PARMA – I dati emersi a Parma nel workshop "Effetti dei cambiamenti climatici sul bacino del Po", non devono dar luogo a politiche di emergenza, ma a una pianificazione a scala di bacino idrografico per ridurre la frammentarietà delle competenze e gestire in modo sostenibile e programmato la risorsa acqua.
La situazione è critica, secondo il WWF Italia, non tanto o non solo per la ‘siccità’ odierna o prevista, ma per la ormai cronica alterazione degli equilibri idrogeologici ed ambientali. Un aiuto però potrebbe venire dalla corretta applicazione della Direttiva quadro ‘Acqua’, per la quale l’Italia, purtroppo, ha in corso due procedimenti d’infrazione da parte della Commissione Europea.
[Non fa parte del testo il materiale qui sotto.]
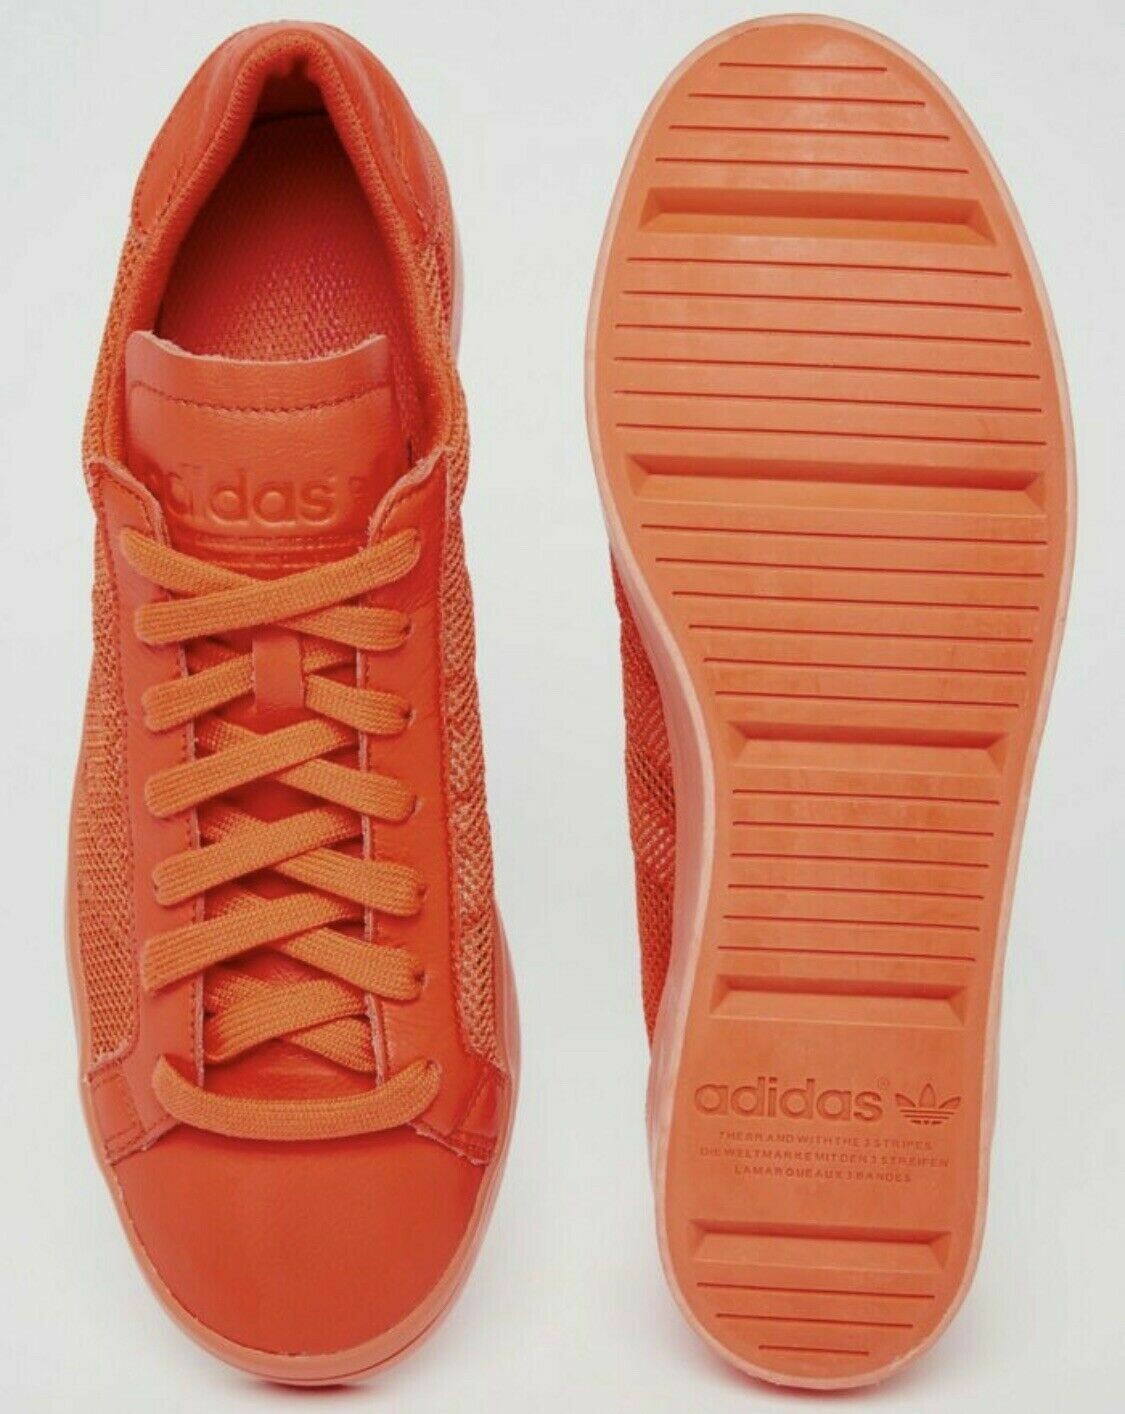 Adidas Originals Power Court - Orange

Ma dov’è finita l’acqua del Po? Lo scorso anno il dossier del WWF il dossier ‘Bacino del Po. Quale siccità?’ confermava la riduzione delle portate del Po a causa di una diminuzione delle nevicate negli ultimi decenni che, con poche eccezioni, ha colpito l’intero settore meridionale delle Alpi, senza particolari distinzioni geografiche o altimetriche. Il valore di decremento medio delle precipitazioni nevose del 18,7 %, valido per le 35 stazioni, prese in considerazione dallo studio WWF, e confermato da ulteriori studi successivi di vari enti, si può ritenere valido per larga parte dei settori alpini meridionali posti tra i 1000 e i 2500 metri di quota. Più in specifico, l’analisi del WWF ha mostrato come le località di bassa quota abbiano subito i decrementi proporzionalmente più consistenti, con punte di contrazione vicine o superiori al 40%.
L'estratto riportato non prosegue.